In the 1945 statistics Es Sawiya had a population of 820, all Muslims, with 10,787 dunams of land, according to an official land and population survey. Of this, 4,394 dunams were plantations and irrigable land, 3,412 used for cereals, while 40 dunams were built-up (urban) land.

Jordanian era
In the wake of the 1948 Arab–Israeli War, and after the 1949 Armistice Agreements, As-Sawiya came under Jordanian rule. 

The Jordanian census of 1961 found 1,151 inhabitants.

post-1967

Since the Six-Day War in 1967, As-Sawiya has been under Israeli occupation.

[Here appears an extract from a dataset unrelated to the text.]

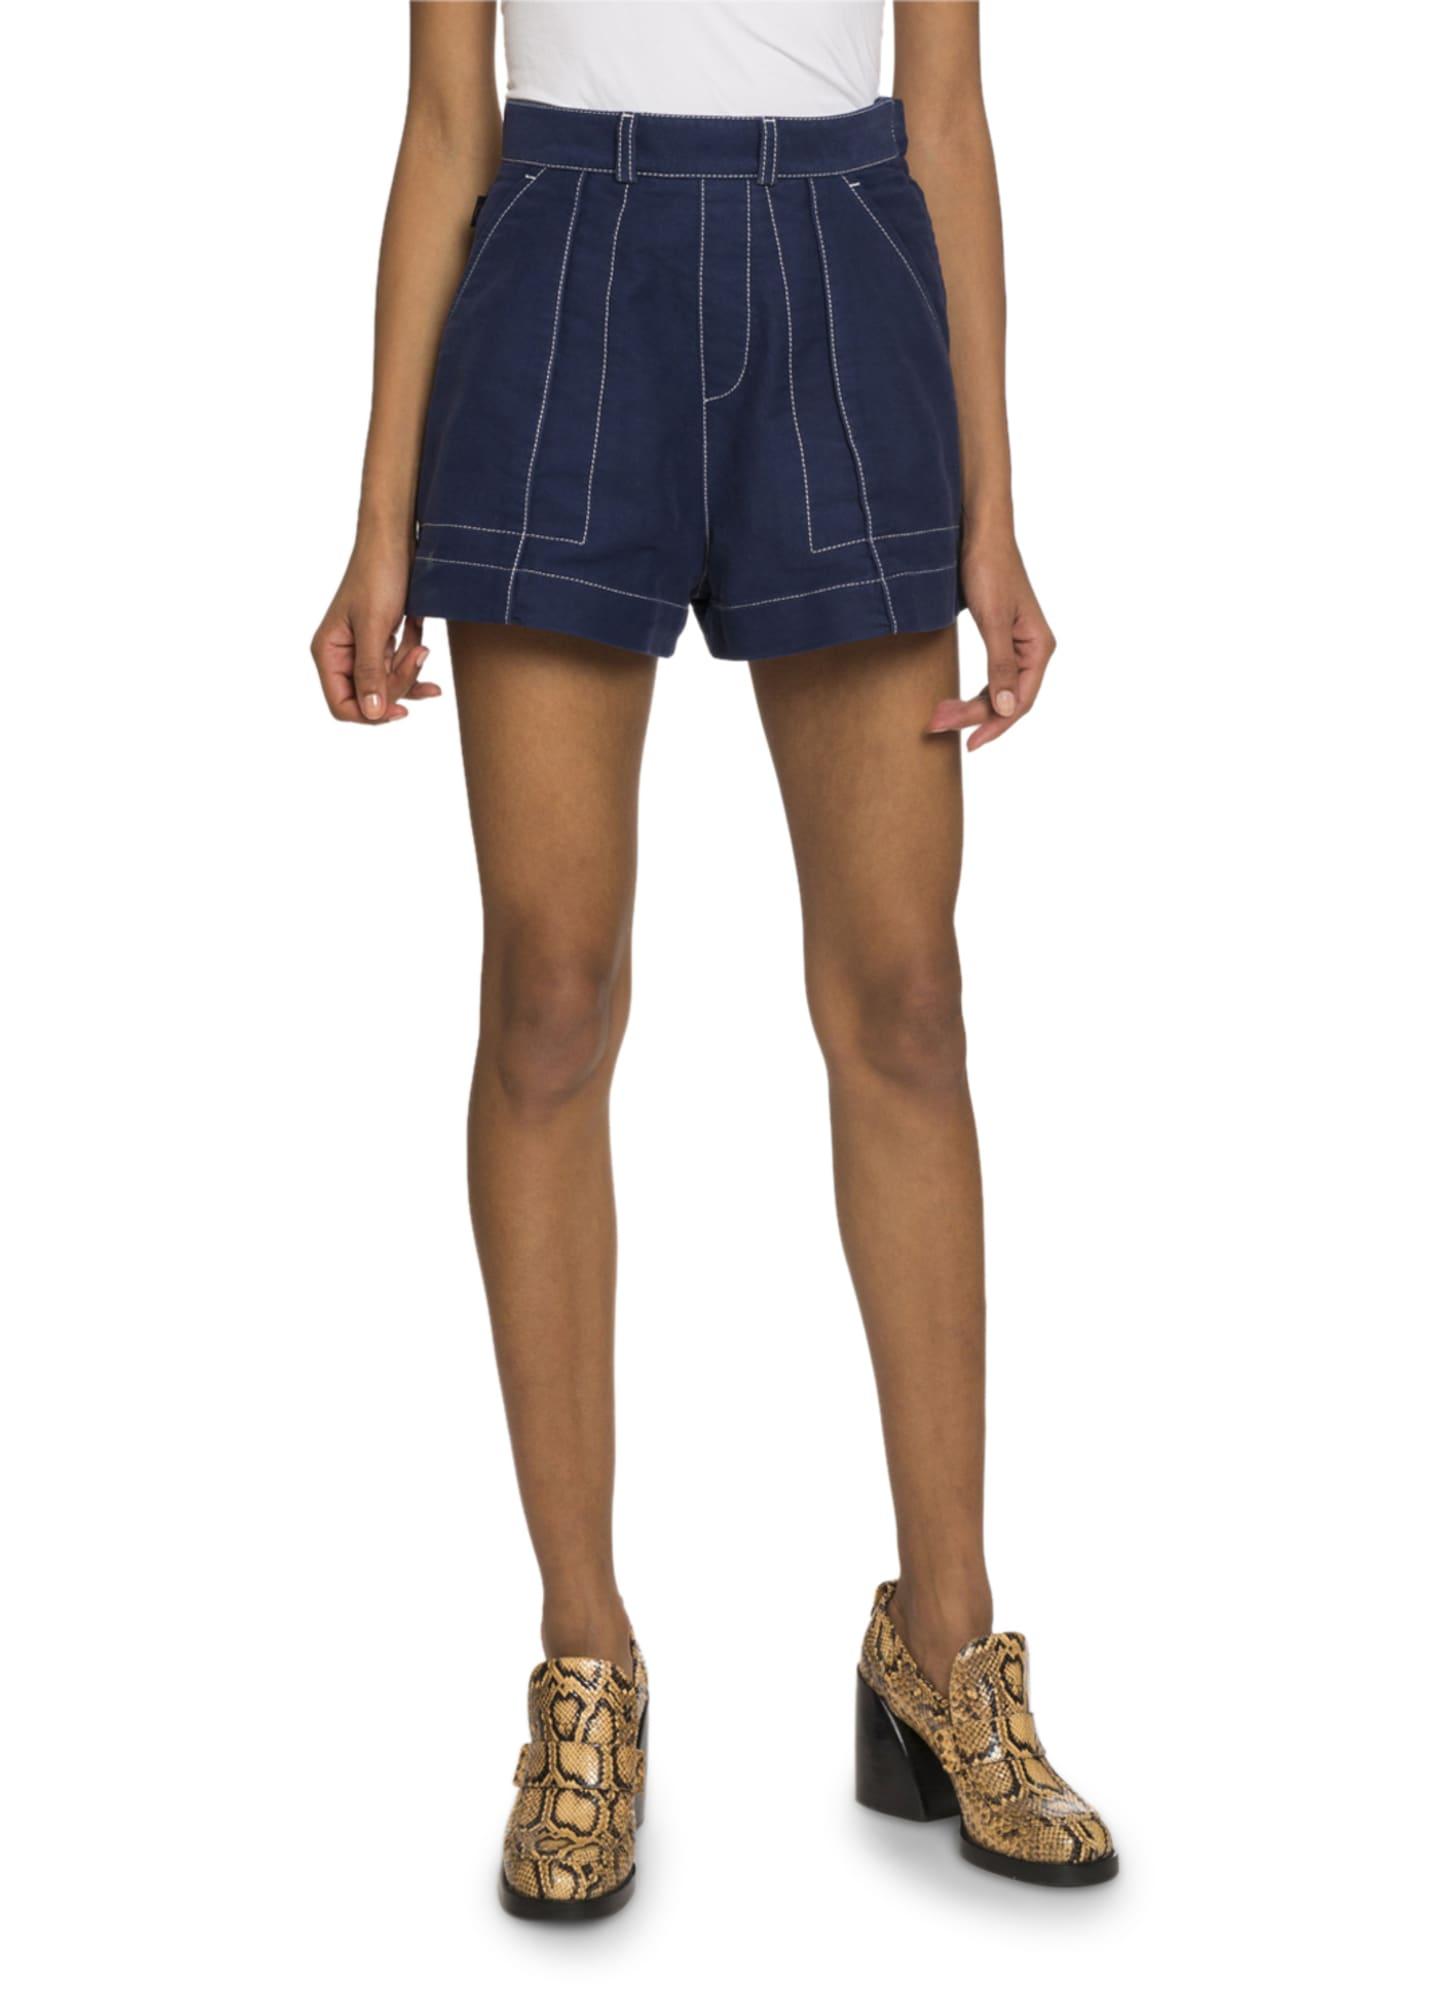 Chloe Topstitched Denim Shorts

After the 1995 accords, approximately 14% of villageland was classified as Area B, the remaining 86% as Area C. Israel has confiscated 1,551 dunums of village land for the Israeli settlement of Alie, and 376 dunams for Rechalim. 

As-Sawiya is entirely dependent on its agricultural land. Prior to the Second Intifada, about 250 of the village's residents worked in Israel, but in 2004 only three continued working there.
The primary crops grown in as-Sawiya are wheat, olives, grapes, figs, and beans. The land is also used for grazing livestock. Some residents produce yoghurt from their cows and sell it. Local residents sell olive oil to nearby villages such as Lubban as well. Stone-cutting is the most important industry in the town after agriculture.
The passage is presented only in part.